## Exercise objective:
As the answer, give exactly the lines of the records below from the one with "Lunar Pull Out" through the one with "нижний 600, ШН", ends included and pictures left out.

## The data:
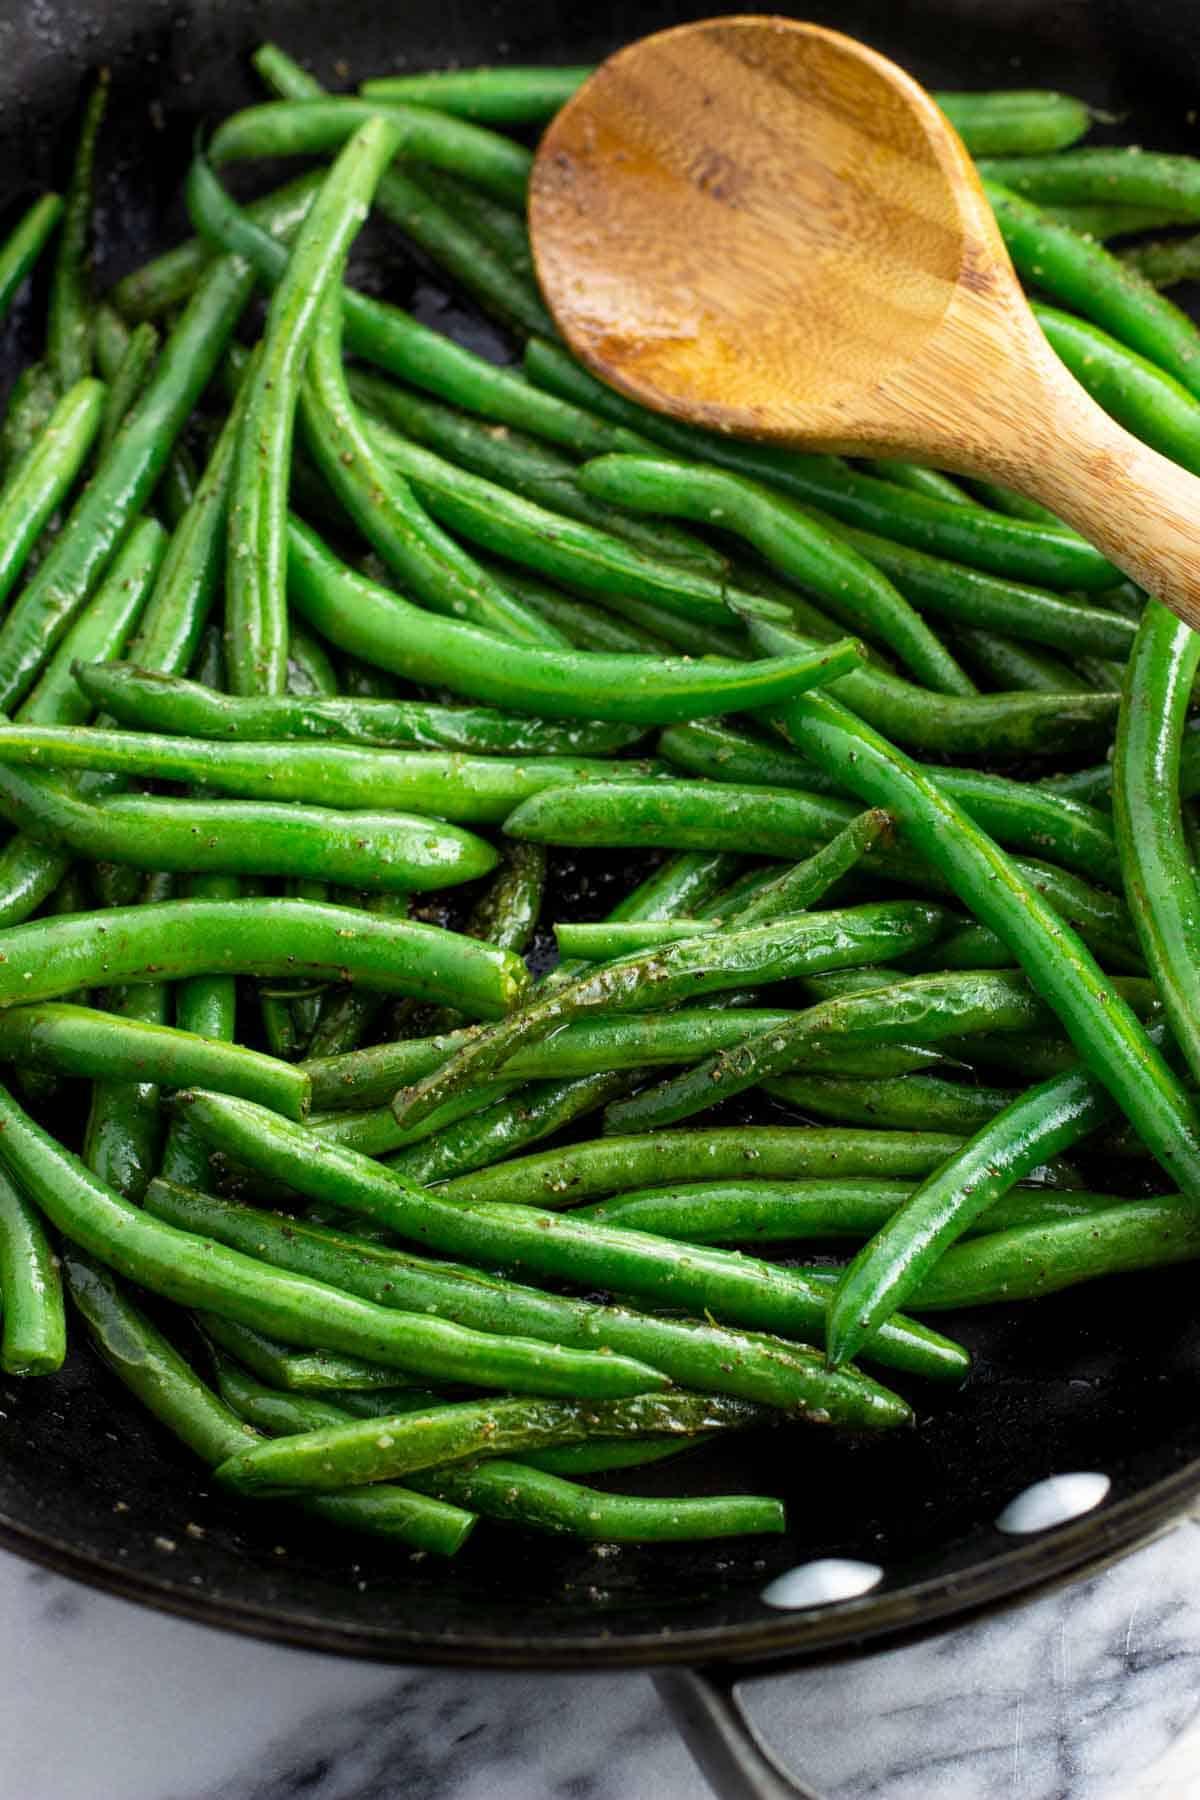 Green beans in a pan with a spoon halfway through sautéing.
--
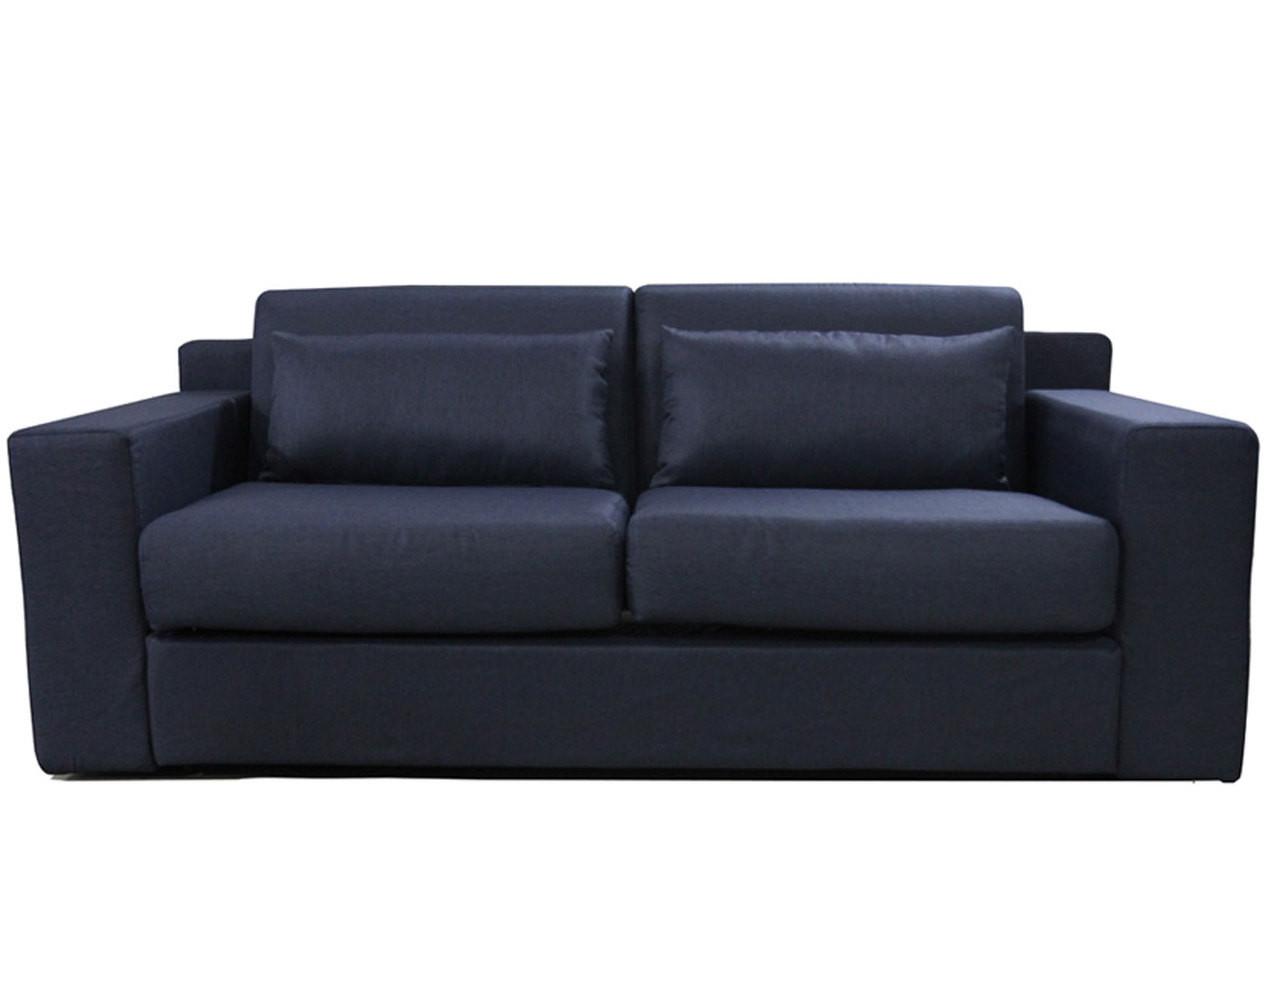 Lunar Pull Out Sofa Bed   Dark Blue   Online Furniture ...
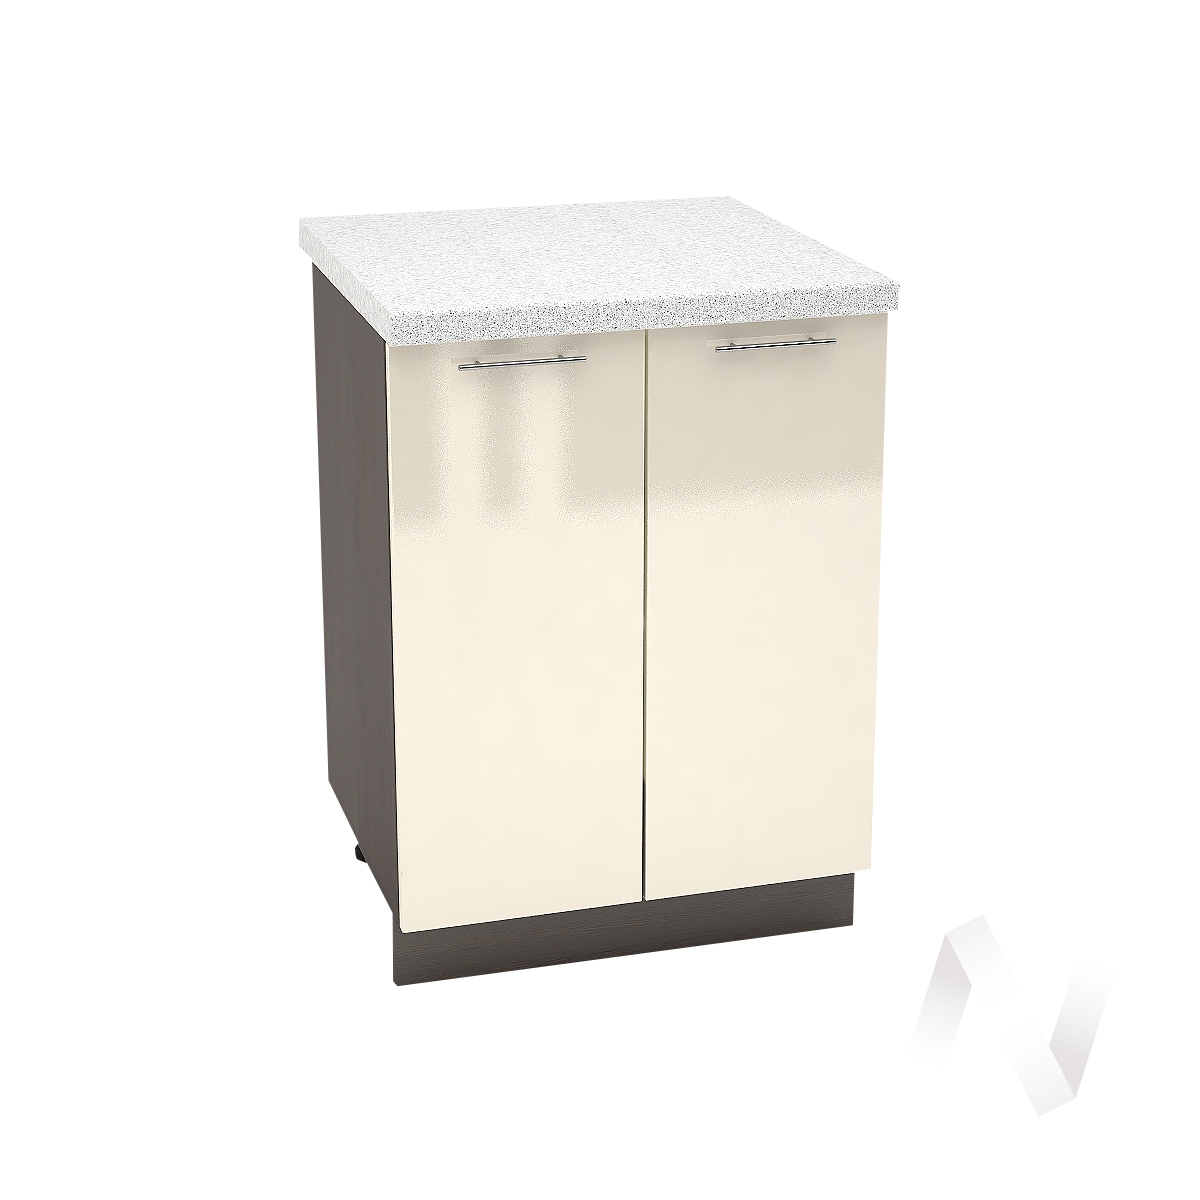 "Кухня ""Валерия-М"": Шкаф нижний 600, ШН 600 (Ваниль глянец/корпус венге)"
--
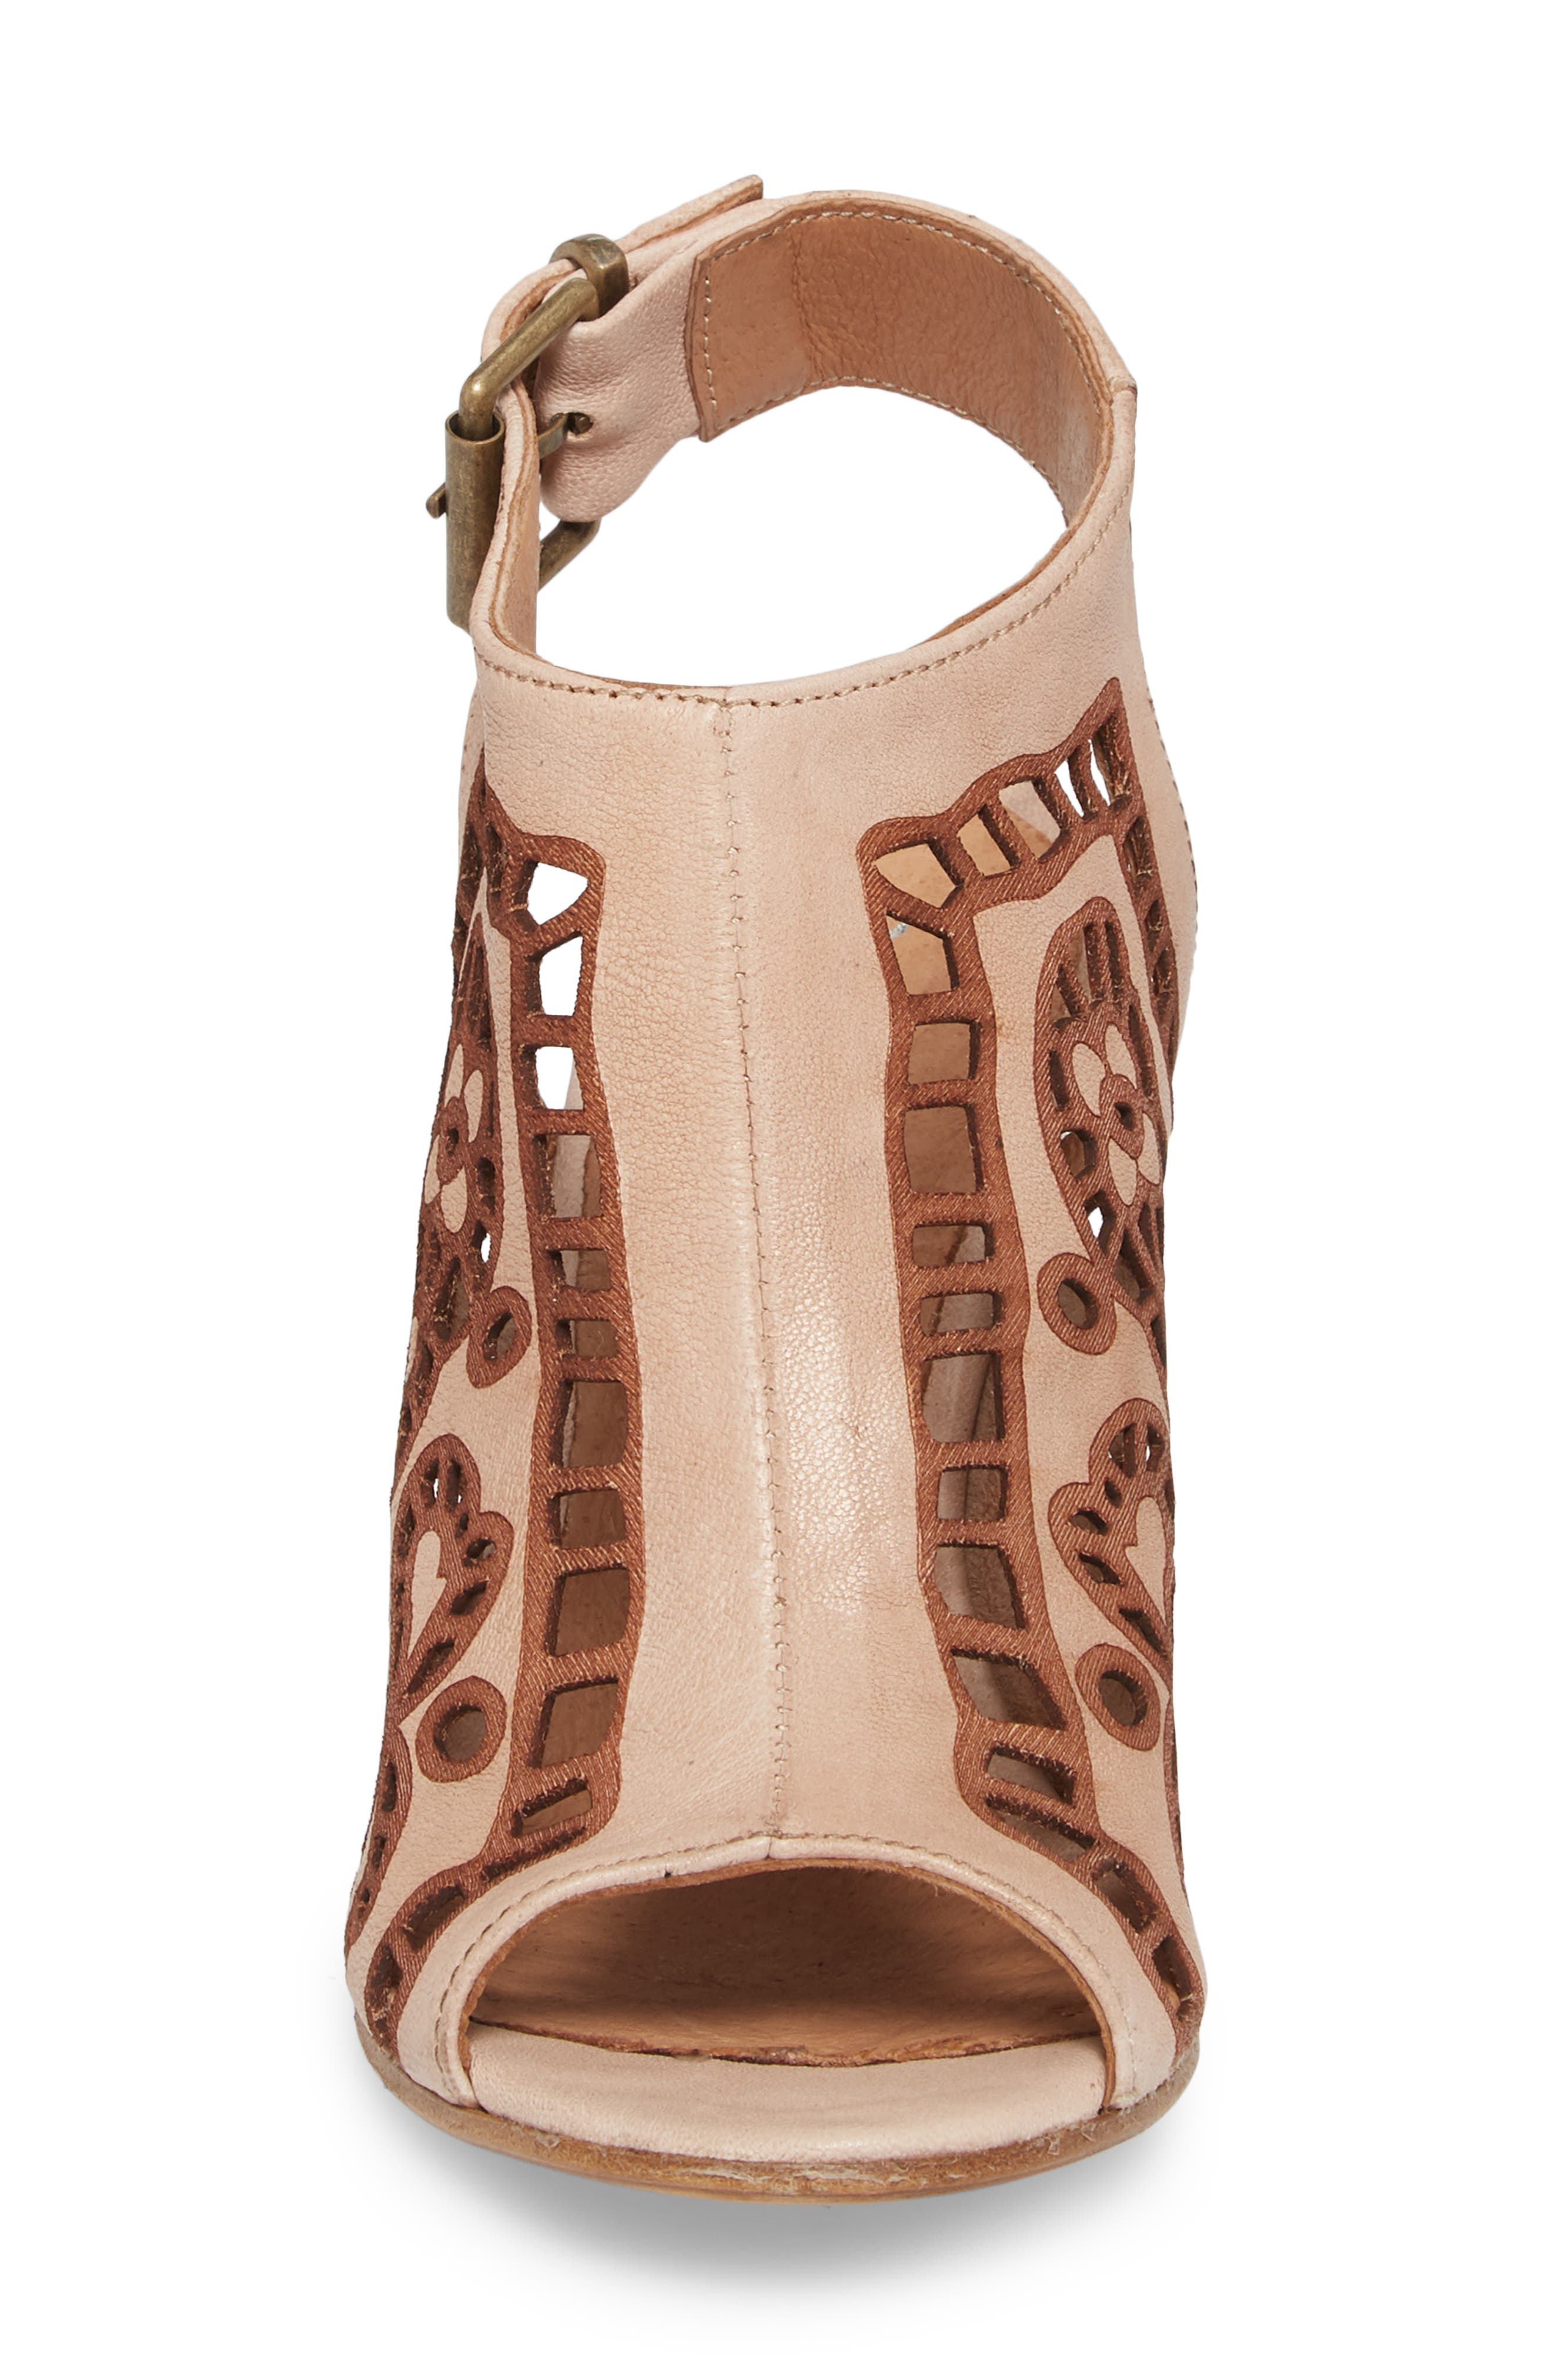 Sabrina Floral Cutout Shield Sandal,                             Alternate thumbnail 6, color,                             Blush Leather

## Answer to this task:
 Lunar Pull Out Sofa Bed   Dark Blue   Online Furniture ...
 "Кухня ""Валерия-М"": Шкаф нижний 600, ШН 600 (Ваниль глянец/корпус венге)"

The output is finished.